The aff woman began to wave her free hand. Mary turned and saw the groundskeeper coming toward them. He was swatting at a bee as he jogged. The bee in turn was batting itself against the man’s visor. At first Mary thought she’d be safe among these affs, ungracious though they were, but as the pike drew near, she panicked and ran again.

She ran over a little rise into a stand of beech trees. Fléchettes riddled the tree trunks around her. One sliced through the flesh at her side, but she hardly noticed. She came across a path and took it. She was beyond all calculation. Her only thought was to outrun the sounds behind her.

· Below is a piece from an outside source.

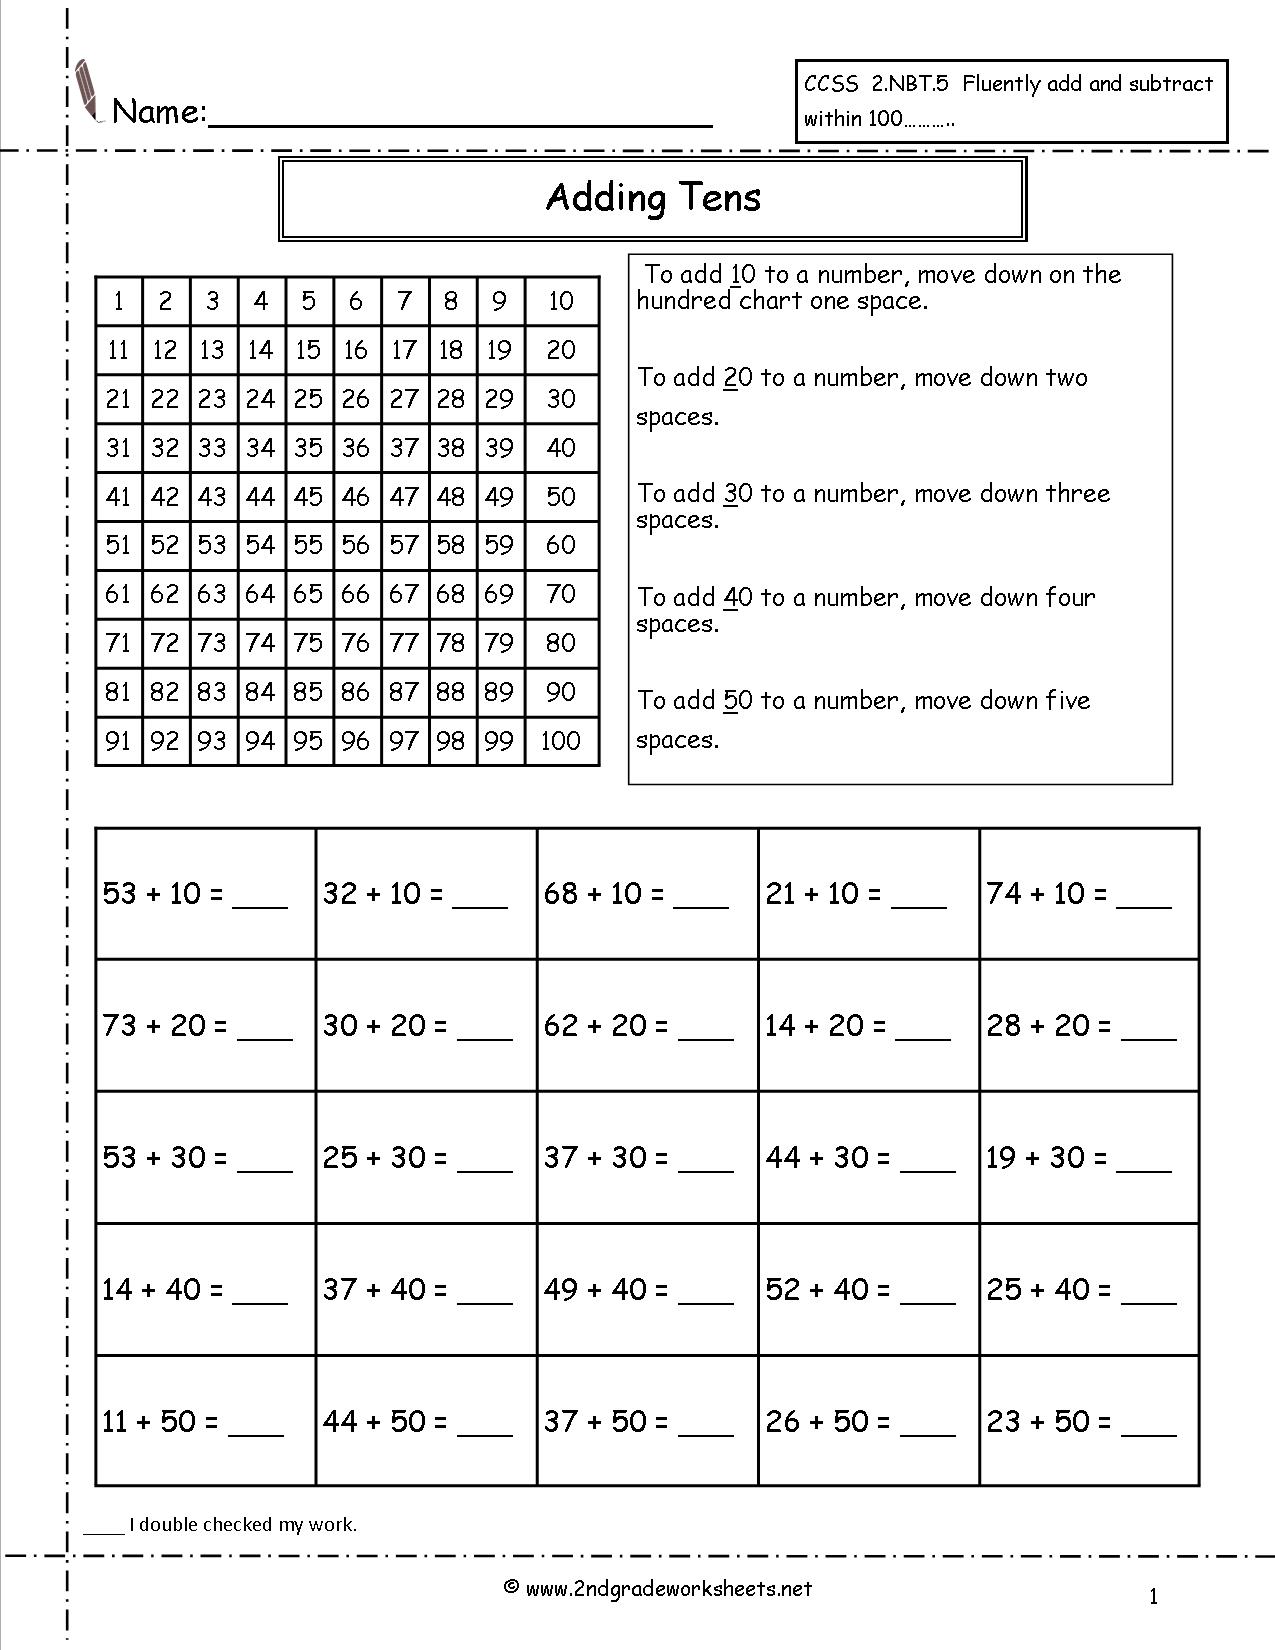 Video Adding Two Digit Numbers with Tens and Ones Worksheet Image

These sounds changed abruptly. The zing of fléchettes was replaced by the whine of laser fire. Two separate frequencies meant two different guns. She hugged a tree and peeked from behind it to see an amazing sight. A mech was firing at the pike. The pike had switched his weapon to laser mode and was sweeping the air with bursts of light, but he was unable to hit the mech at such close range. The mech, on the other hand, easily hit the pike, but its comparatively low-wattage lasers were no match for the pike’s armor. Undeterred, the mech continued to hit him, targeting only three points on the pike’s body and hitting those points repeatedly: his face mask, his groin, and the helmet seal at the back of his neck. The pike covered these spots as best he could with his gloved hands, but he couldn’t cover all three at once, and the mech circled and crossed the man’s head, almost too fast to see, firing a staccato stream of pulses. The man returned fire with choked spreads, like laser birdshot. His wild shots gouged smoking holes in the trees around him and brought down boughs and branches upon himself.